▶ **Directions**
From the line that contains "にんじんレモン冷凍ジュース 3箱 【100c×90p】【冷凍ジュース】【無農薬人参】【レモン】" to the final line below, both included, print each line exactly and skip the pictures.

Records from a dataset:

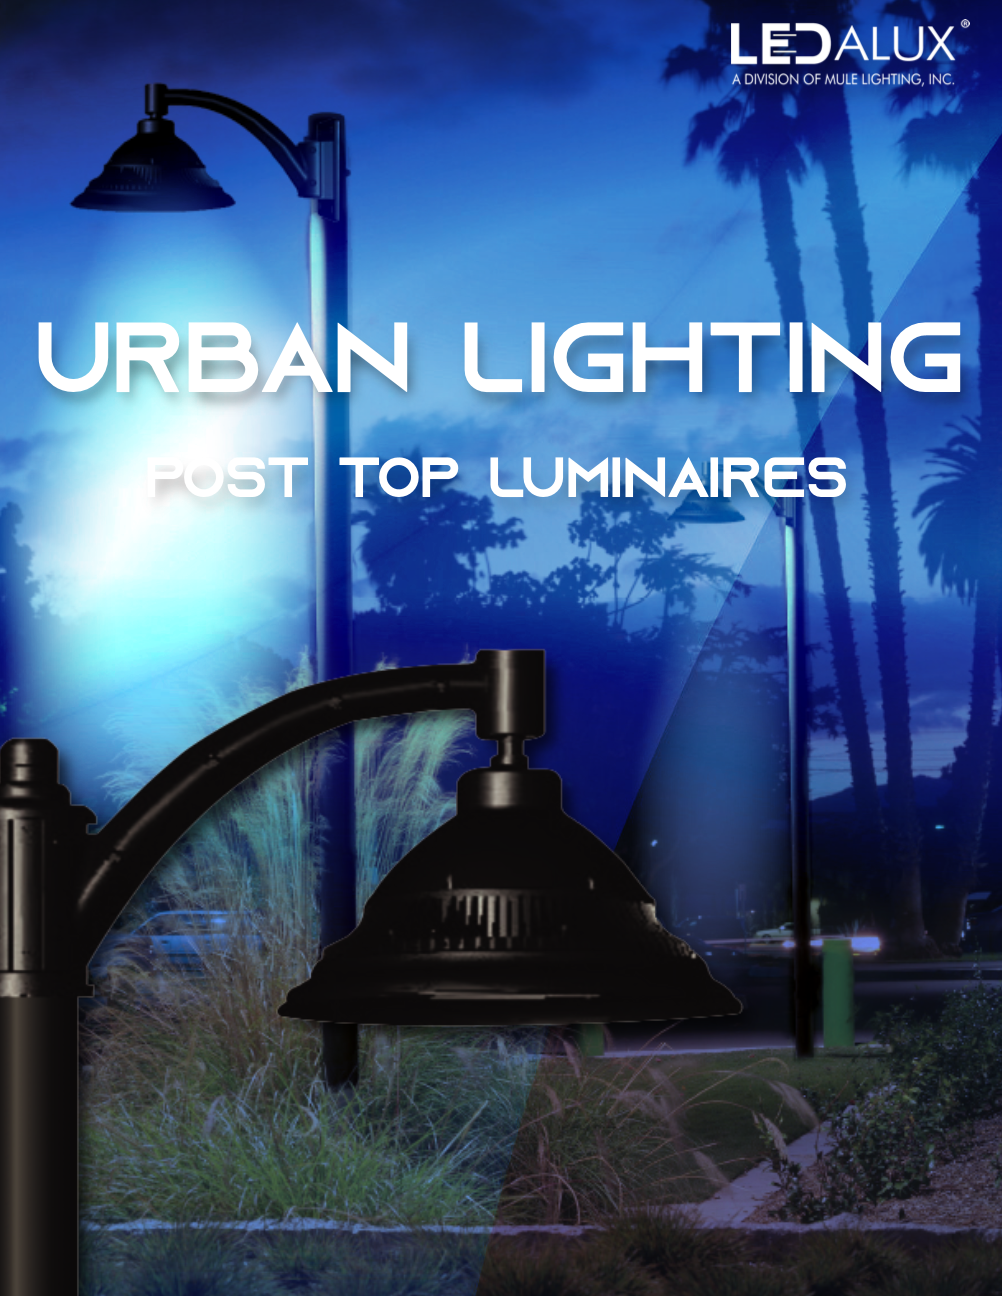 LEDalux Urban Lighting Literature
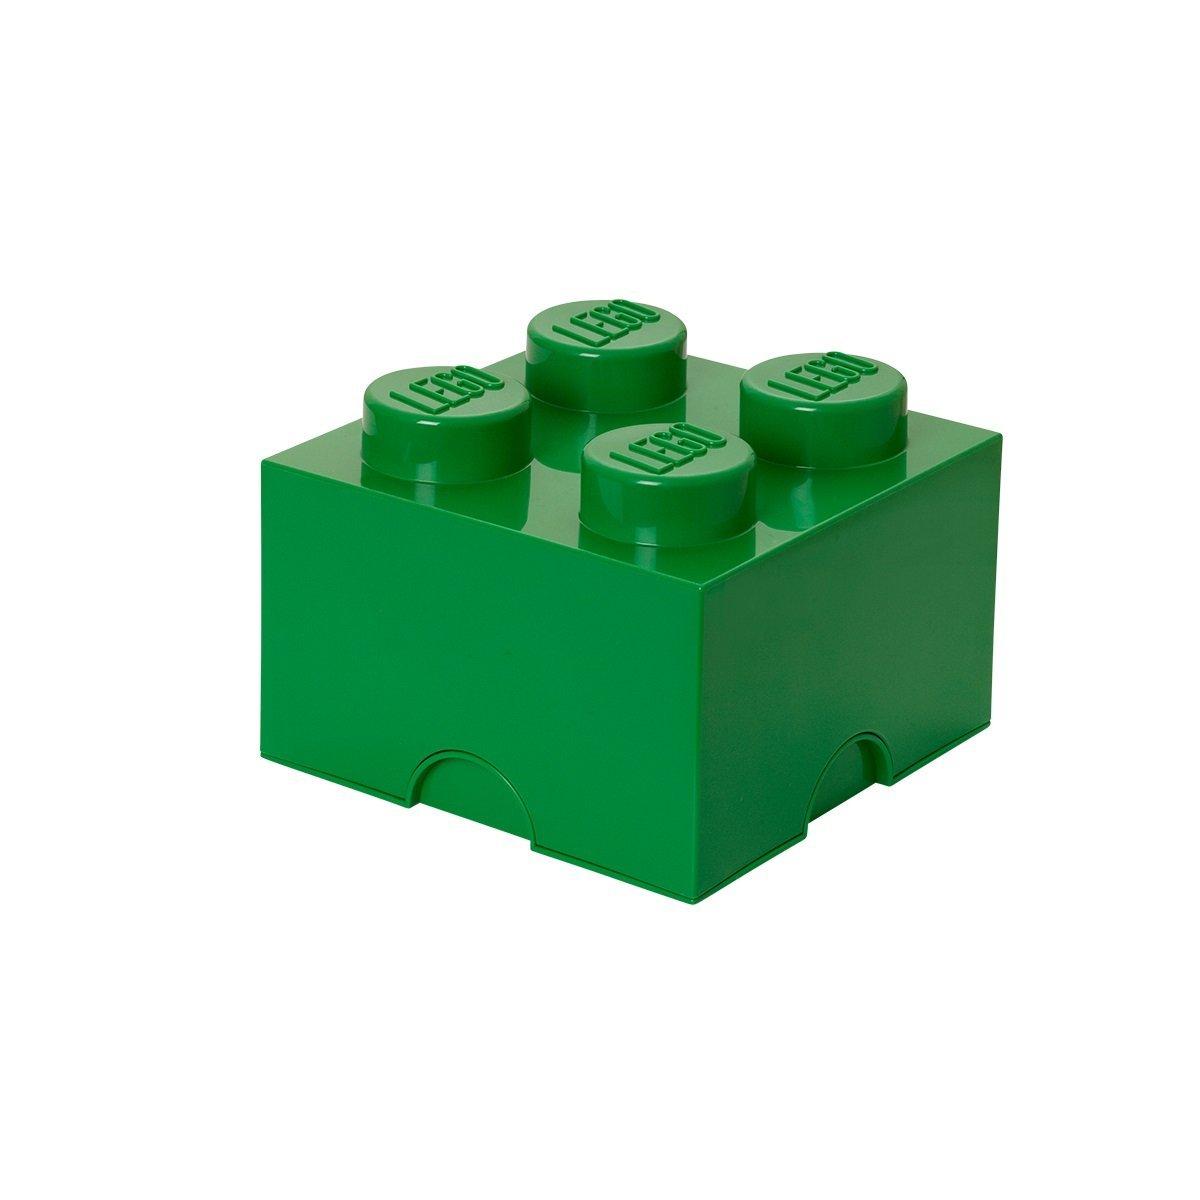 Lego opbevaringskasse 4 - grøn, +10 stk. på lager fra Lego på pixizoo
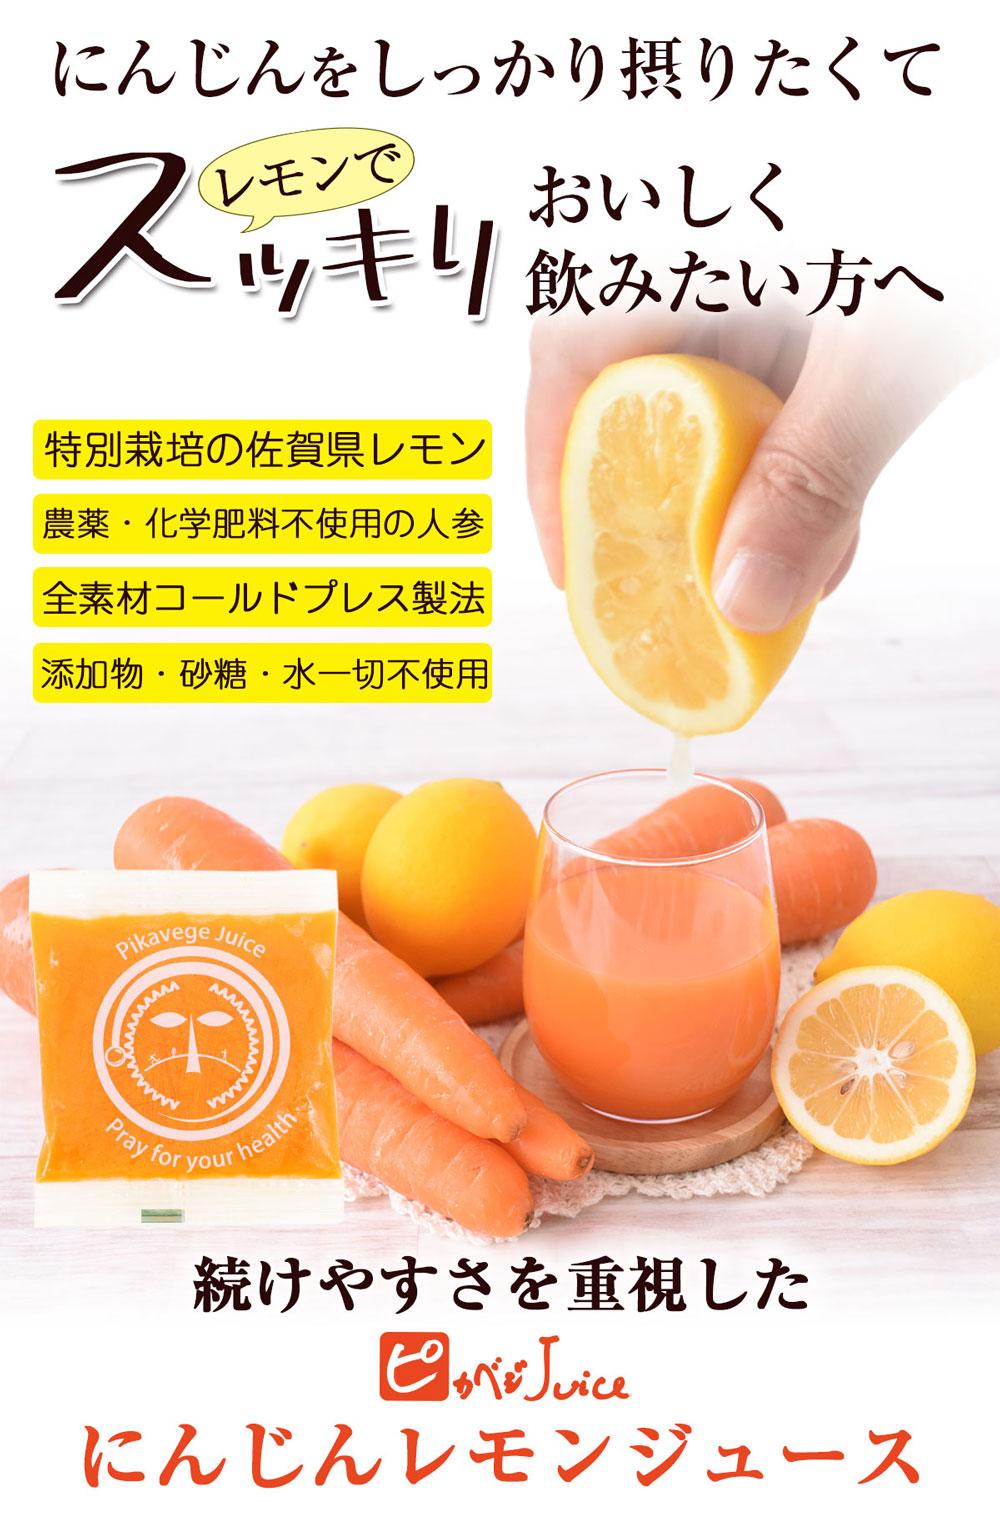 にんじんレモン冷凍ジュース 3箱 【100c×90p】【冷凍ジュース】【無農薬人参】【レモン】
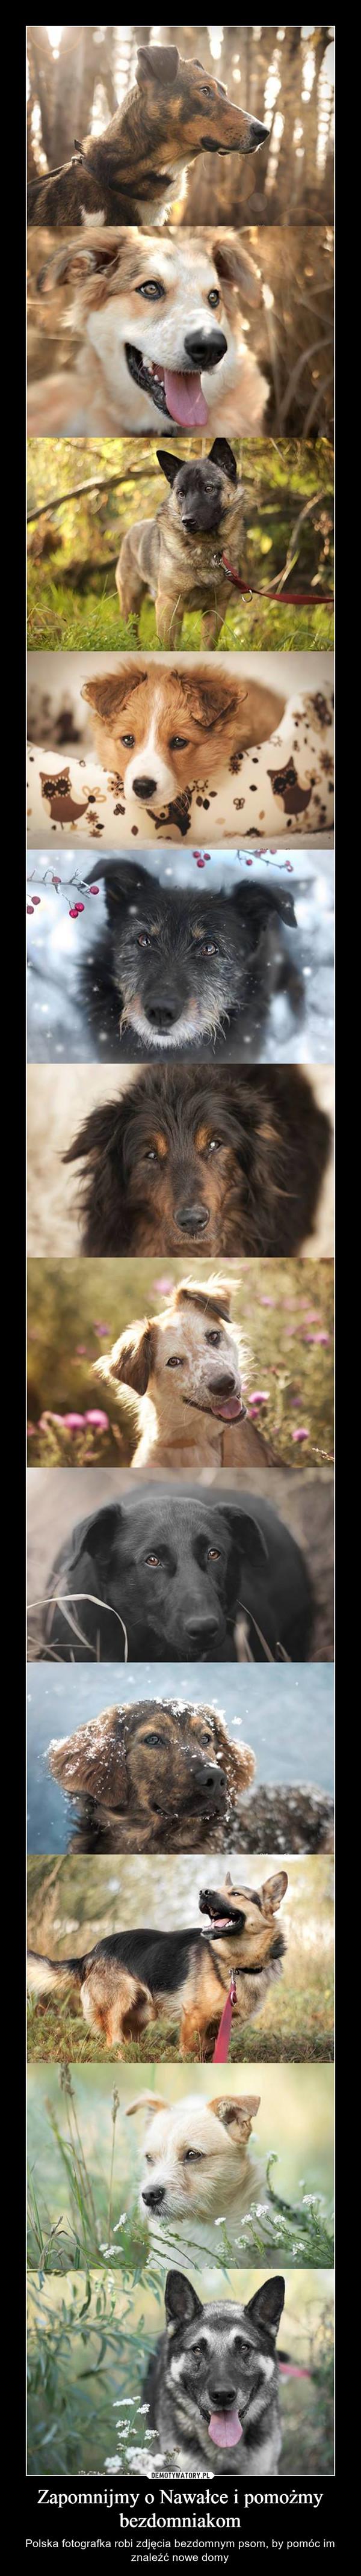 Zapomnijmy o Nawałce i pomożmy bezdomniakom – Polska fotografka robi zdjęcia bezdomnym psom, by pomóc im znaleźć nowe domy
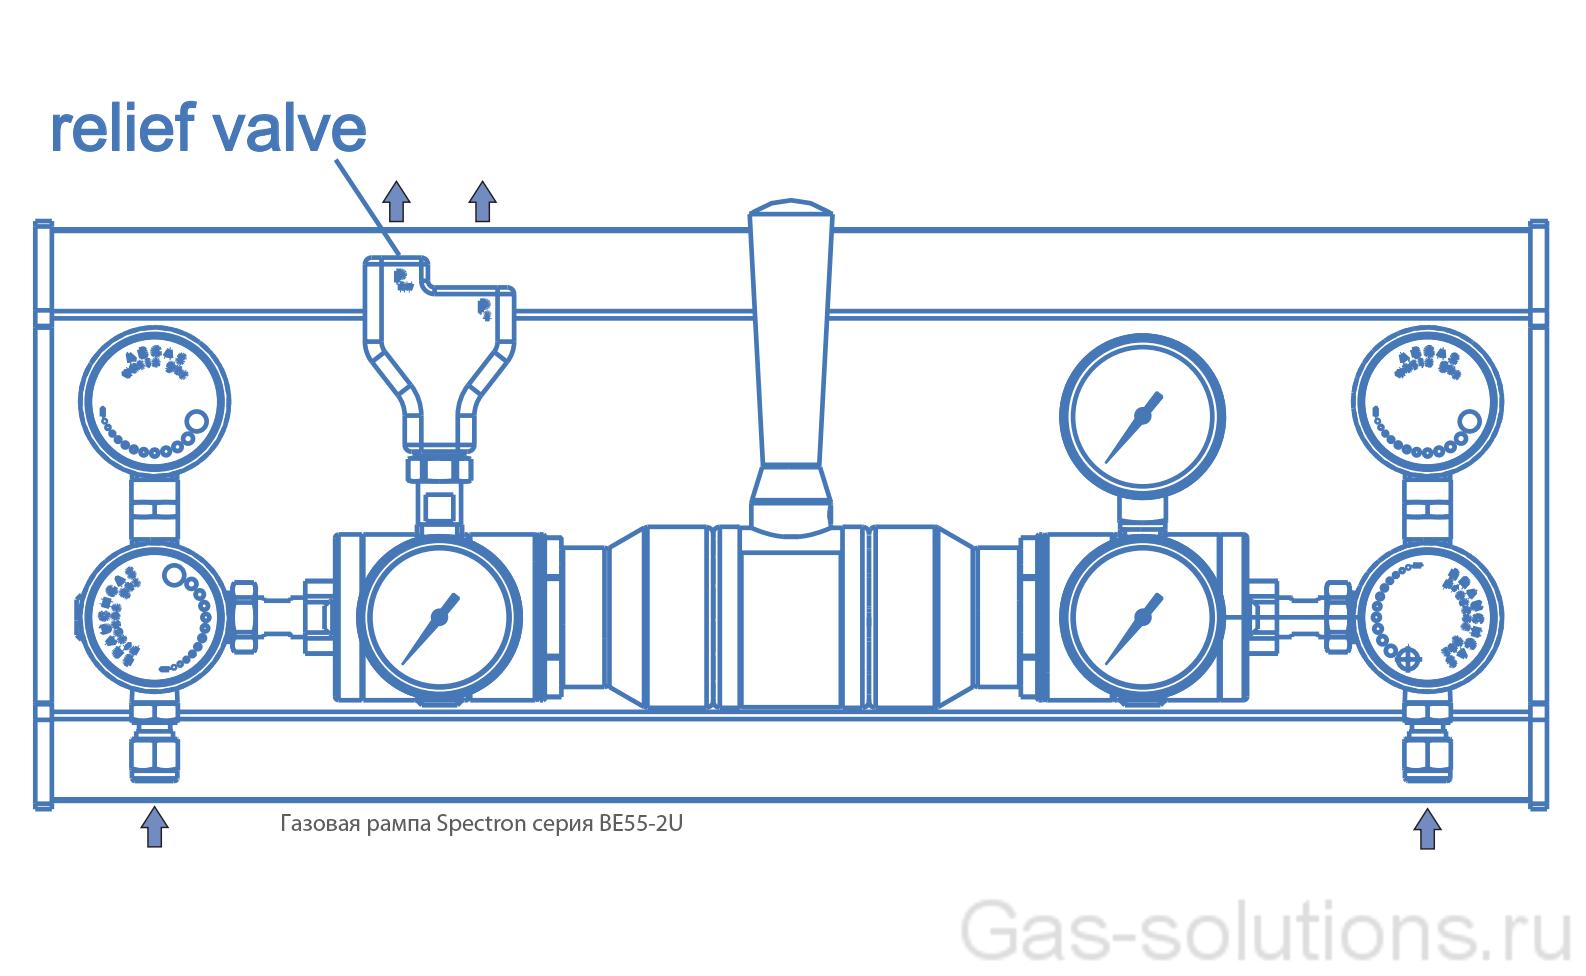 Газовая рампа Spectron серия BE55-2U_чертеж1

▶ **Answer section**
 にんじんレモン冷凍ジュース 3箱 【100c×90p】【冷凍ジュース】【無農薬人参】【レモン】
 Zapomnijmy o Nawałce i pomożmy bezdomniakom – Polska fotografka robi zdjęcia bezdomnym psom, by pomóc im znaleźć nowe domy
 Газовая рампа Spectron серия BE55-2U_чертеж1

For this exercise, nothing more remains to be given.